A l’abri des caprices de la météo et de la cacophonie routière, trois hommes en costard-cravate sombre, discutent. Ils sont confortablement installés, dans un salon situé au troisième étage d’un appartement de grand standing des beaux quartiers de la capitale, offrant une ambiance harmonieuse et reposante. Décoré et meublé avec goût, il incarne l’élégance d’une ville qui jadis, fut lumière. Le mobilier de bois massif, puise dans la nature ses formes courbes et les ornements floraux. Un Beretta automatique ainsi qu’une bouteille de Château-Margot 1985 reposent sur un guéridon.

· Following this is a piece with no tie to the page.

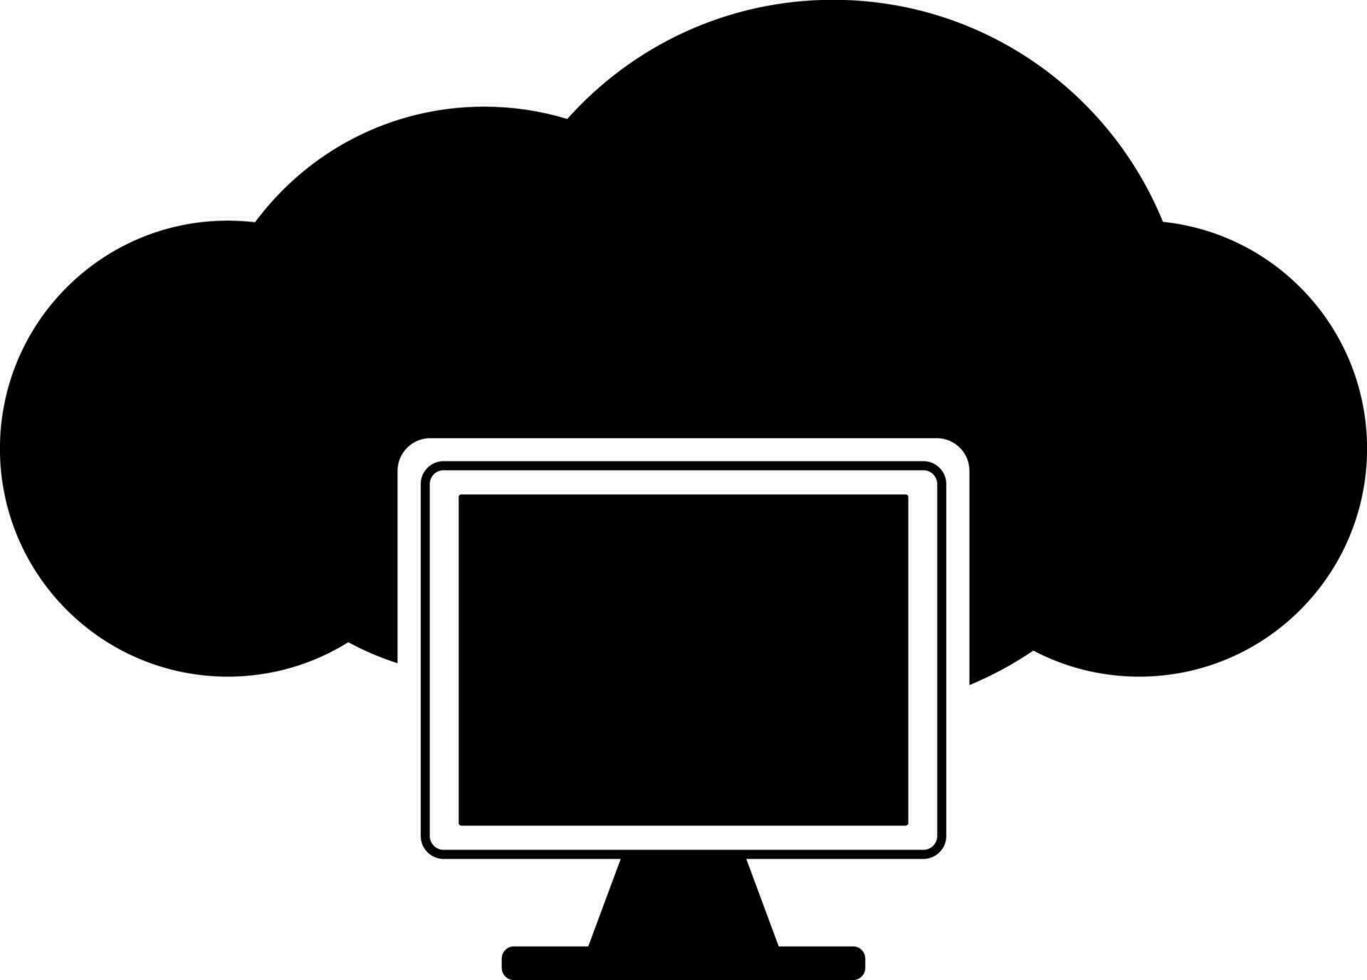 Black cloud and blank computer. vector

La réunion n’a rien d’anodin. Cela fait plusieurs semaines déjà que se préparent, en coulisse, les prochaines élections présidentielles. Or, jusque-là, le pouvoir politique en place se sentait plutôt à l’abri. Les sondages sont largement favorables au président sortant, malgré le maigre bilan économique du gouvernement, mais l’opposition, morcelée et divisée, n’arrive pas à adopter une posture crédible. Pour l’instant. Car des rumeurs insistantes – corroborées par des sources sérieuses étrangères – annoncent l’avènement d’un concurrent sérieux. Si celui-ci se présente aux élections, les affaires futures du président sortant seront compromises.

Les trois comparses discutent solennellement de la meilleure façon de « favoriser le destin ». Les débats sont bien avancés, lorsqu’un téléphone portable sonne. Un des trois hommes se lève et s’écarte de quelques mètres, écoute un message enregistré prononcé par une voix à l’accent étranger, range l’appareil.

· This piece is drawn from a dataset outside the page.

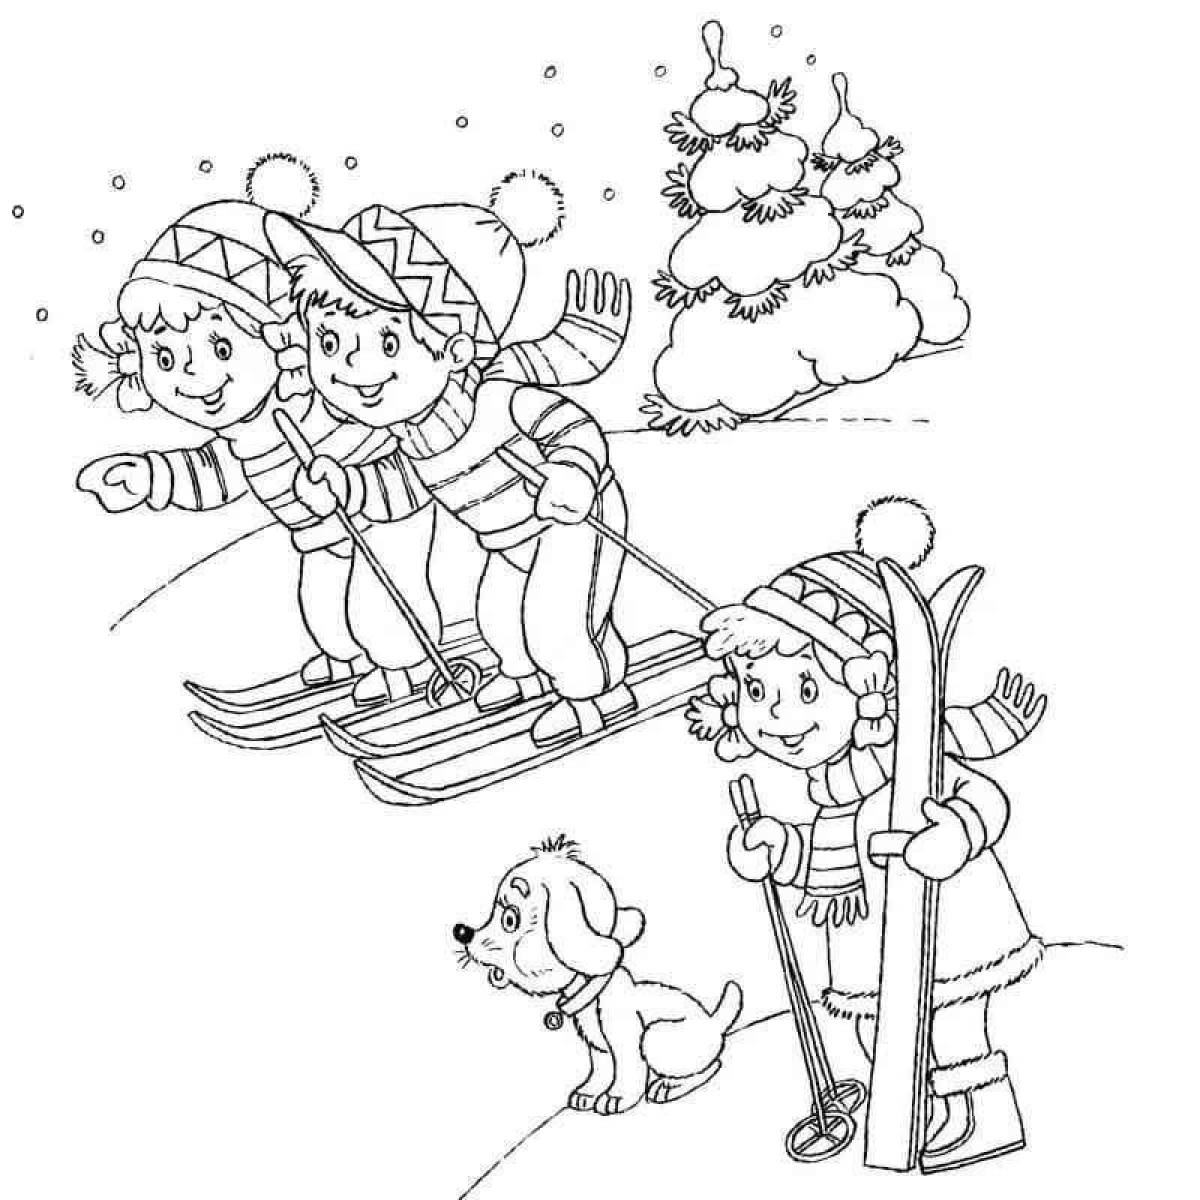 Animated winter fun coloring page

– (Voix 1) Quels sont les nouvelles ?

– (Voix 2) Nous avons trouvé des alliés de poids !

– (Voix 3) Ah très bien, et que proposent-ils ?

– (Voix 2) Ils acceptent nos plans, mais à leur sauce. Ça va chauffer, les gars.

– (Voix 1) Ça va chauffer comment ?

– (Voix 3) Ils veulent le descendre ?

– (Voix 2) J’attends les détails précis, mais la cible, elle va morfler… une descente aux enfers.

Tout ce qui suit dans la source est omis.